Yo tenía una granja en África al pie de los montes de Ngong… Parte de los recuerdos queridos de Karen Blixen se quedaron allí. Podía empezar igual: Tuve una casa en Portugalete… Era tan bonita que, en mi cabeza, nunca entró la posibilidad de marcharme de allí. La vida cambia los deseos y, ahora, estoy en un pequeño apartamento de alquiler muy agradable, con una terraza que, si me asomo, veo a lo lejos un trocito de mar y barcos. En la casa de Portugalete todo era cielo, mar y moqueta roja.

Han pasado tres años tranquilos. No tengo moqueta roja. La tarima es de madera y encima hay dos alfombras grises. Normalidad. De mi casa antigua tengo la mesa de escritorio, el ordenador, la silla, un sofá blanco y un cuadro.

He aprendido a desprenderme de todo con una cierta conformidad. Miento sin saber que miento. Me gustaría recuperar muchos libros tirados al contenedor, lámparas que no volverán a tener bombillas. Copas, cucharas y fuentes. Objetos que ahora se ahogarían en el espacio pequeño de mi nueva casa. Los añoro y guardo silencio. Estoy en un momento de serenidad blanco. Sé que dentro del blanco están todos los colores, ahora no los veo. Sin dar permiso a mi cabeza, los colores giran y se hacen visibles ante mí. El gris no está nunca en el arco iris. Mi blanco sigue girando y al fin se para en el tono más bonito: el rojo. De pronto, sin pensamientos antiguos, como una bruma, vuelve al presente la moqueta roja. Necesito recuperar el rojo para conseguir serenidad. Siento que me he traicionado a mí misma y un pensador –creo que griego– decía: No puede haber virtud en la traición.

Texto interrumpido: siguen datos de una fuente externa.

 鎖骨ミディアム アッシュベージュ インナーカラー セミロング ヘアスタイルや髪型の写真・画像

La moqueta roja grita en un silencio que me estrangula. Quiero volver al rojo. Tengo el síndrome de la moqueta roja. Lo acepto, es el síndrome de recuperar mis colores. No sé el tiempo que me queda por vivir, quiero pisar en el color rojo. Si es un síndrome, los síndromes se curan cuando se logra lo que se desea.

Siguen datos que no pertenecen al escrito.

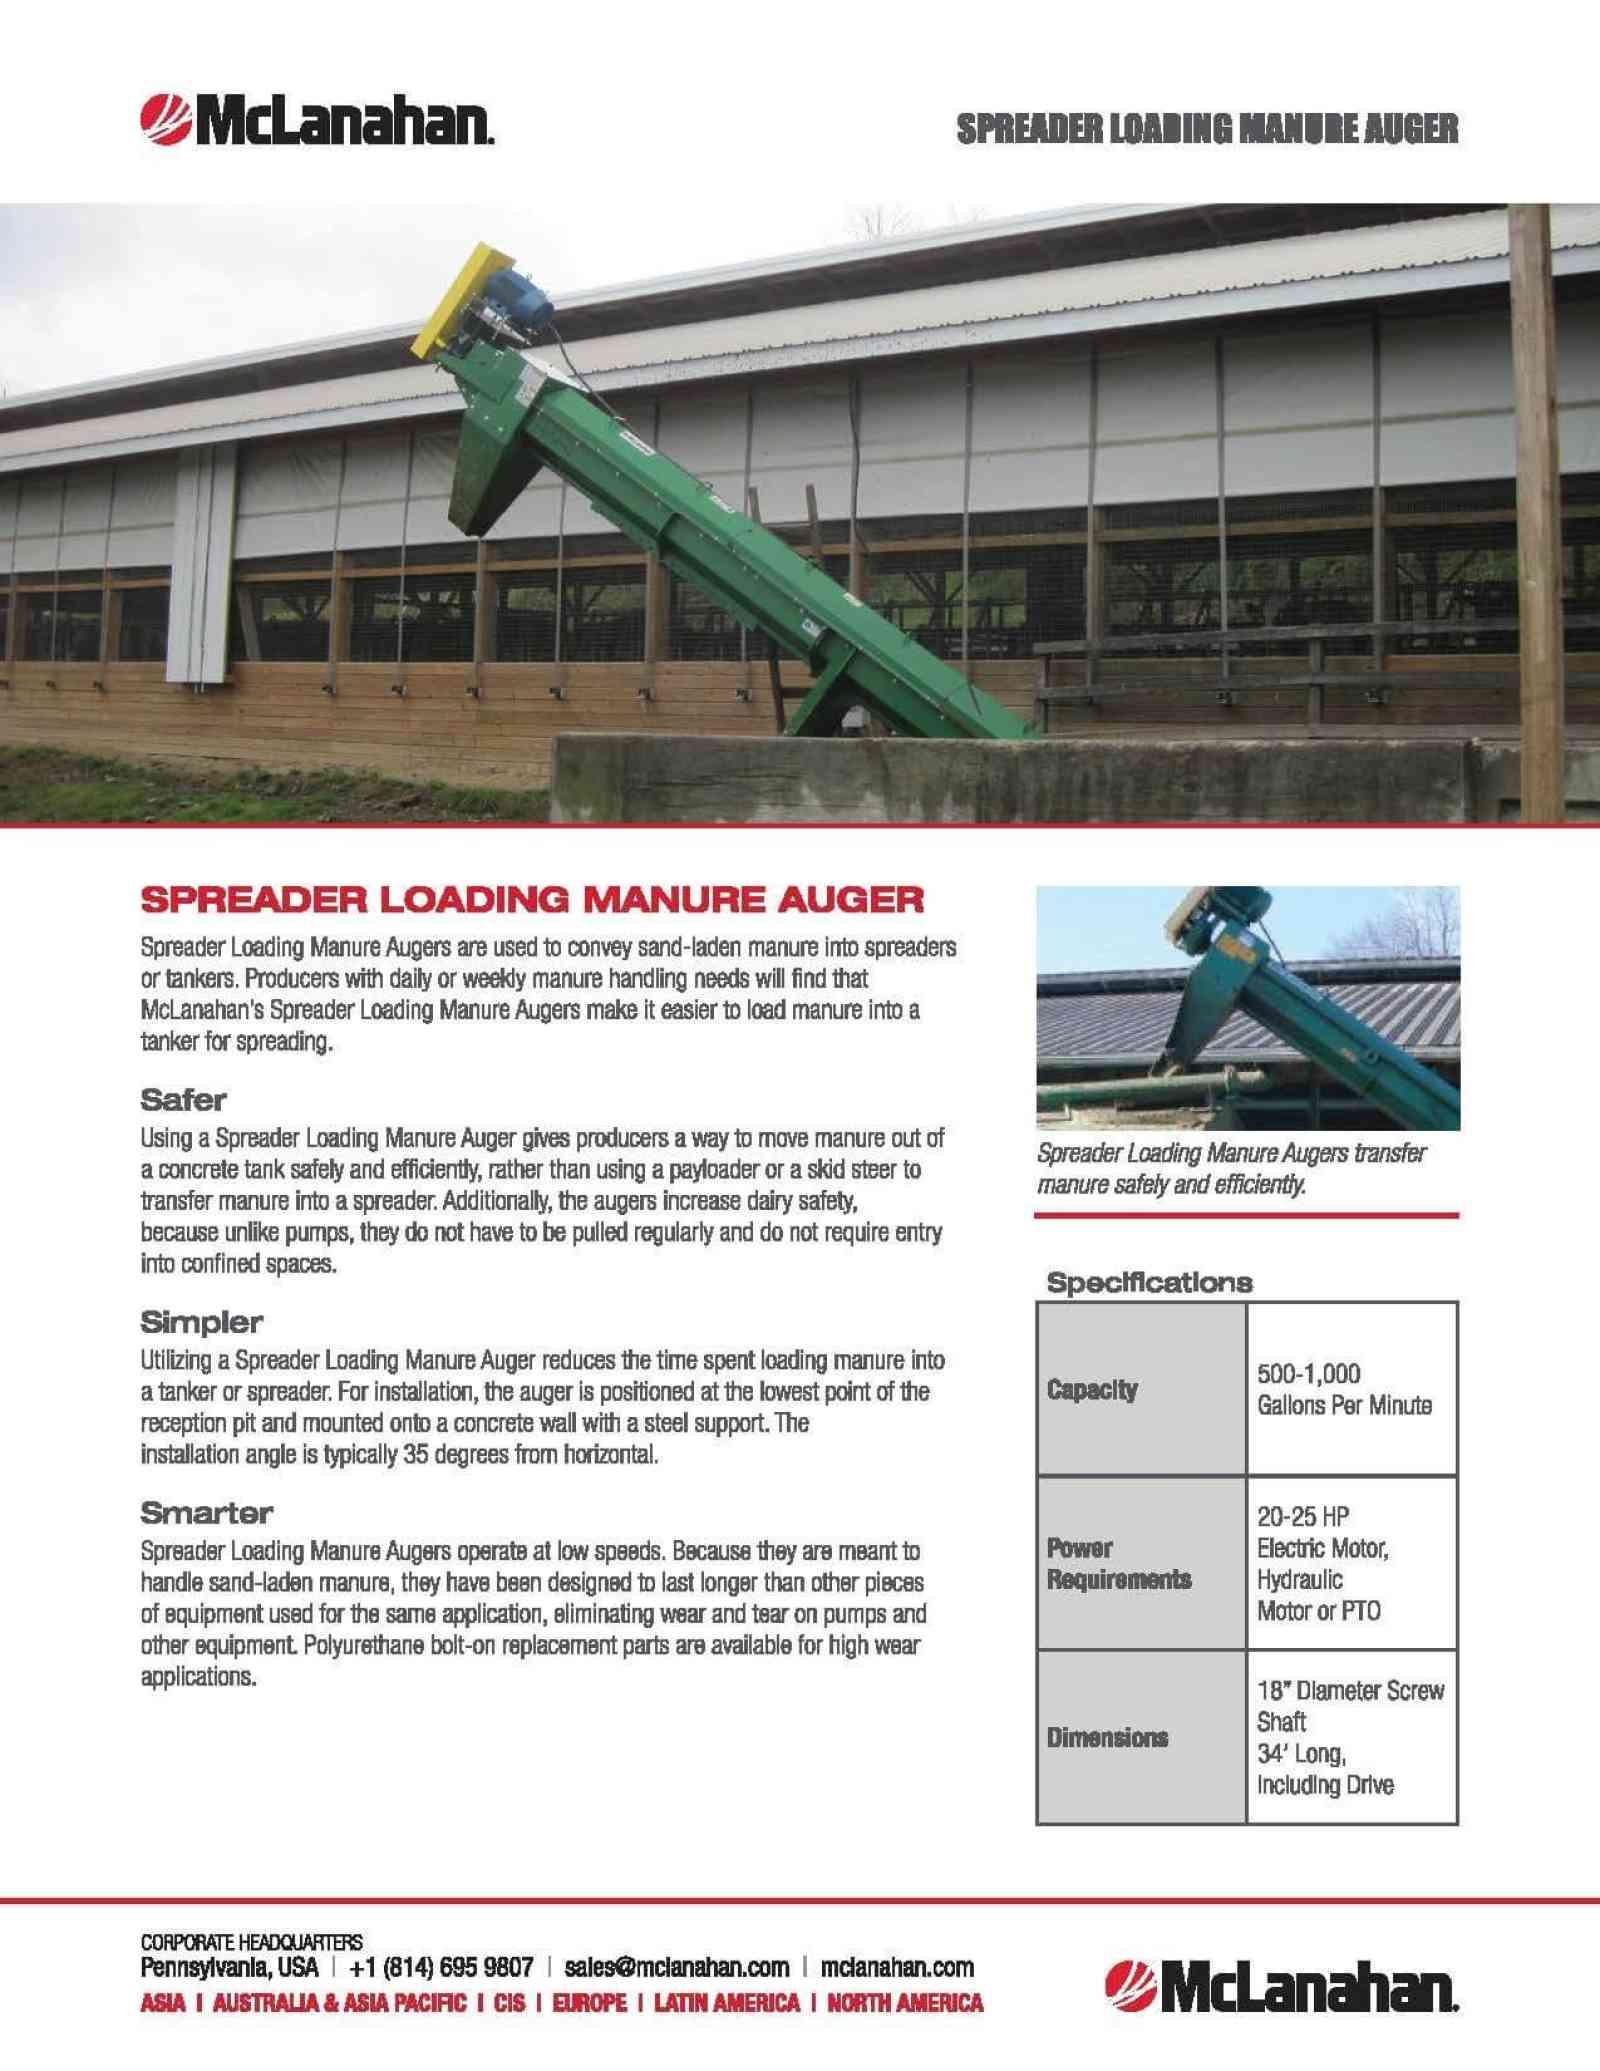 Spreader Loading Manure Auger Brochure Image

He vivido estos años feliz con dos alfombras grises y, en ningún momento, he pensado en la posibilidad de cambiar. Además –tengo que recordármelo–, los cambios bruscos no me gustan. Debe ser otro sino. Hasta me asustan los políticos que continuamente cambian de chaqueta, la adaptan a su cuerpo y se olvidan de la chaqueta anterior. No quiero ser chaquetera.

Estoy enferma. Necesito pensar en otra cosa. La moqueta roja empieza a producirme sarpullido porque es un síndrome. Un estado anormal. Pienso y vuelvo a pensar en una solución sencilla. No la hay.

Pongo mi pensamiento en blanco. Dificilísimo. Lo intento con todas mis fuerzas, pero el blanco es la unidad de todos los colores. Empieza a girar, como una ruleta de casino y la bolita, mi segundo de instante se queda fija en el rojo.

Ignoro lo que dura un síndrome, pero me preocupa la fijación de mi pensamiento. Quizás tenga fiebre, o quizás el calor, ha entrado para quedarse en mi casa, como un sol rojo, rojísimo.

Es invierno, el calendario está rojo de frío. Parece normal tener estos síntomas de demencia en el mes de febrero. No quiero pastillas de olvido, porque el recuerdo de las alfombras rojas me hace sonreír sola, como si me estuviera comiendo una trufa de exquisito chocolate con placer.

Han pasado tres meses desde que empecé a escribir este artículo. La tierra está loca. En Siria y en Turquía, miles de muertos. Continúa la guerra en Ucrania, más muertos. En nuestro país sigue la polémica del sí es sí. Igual, cuando se publique este artículo, ya se han puesto de acuerdo. Es una vulgaridad, ante tanto dolor, decir que he conseguido lo que quería. He comprado alfombras rojas. Se fue el síndrome y, ahora, me envuelve la dulce sensación de siempre. Después de cincuenta años pisando el rojo, no me podía acostumbrar al gris.

He dejado de soñar con los colores, porque al fin mi vida ha recuperado el color.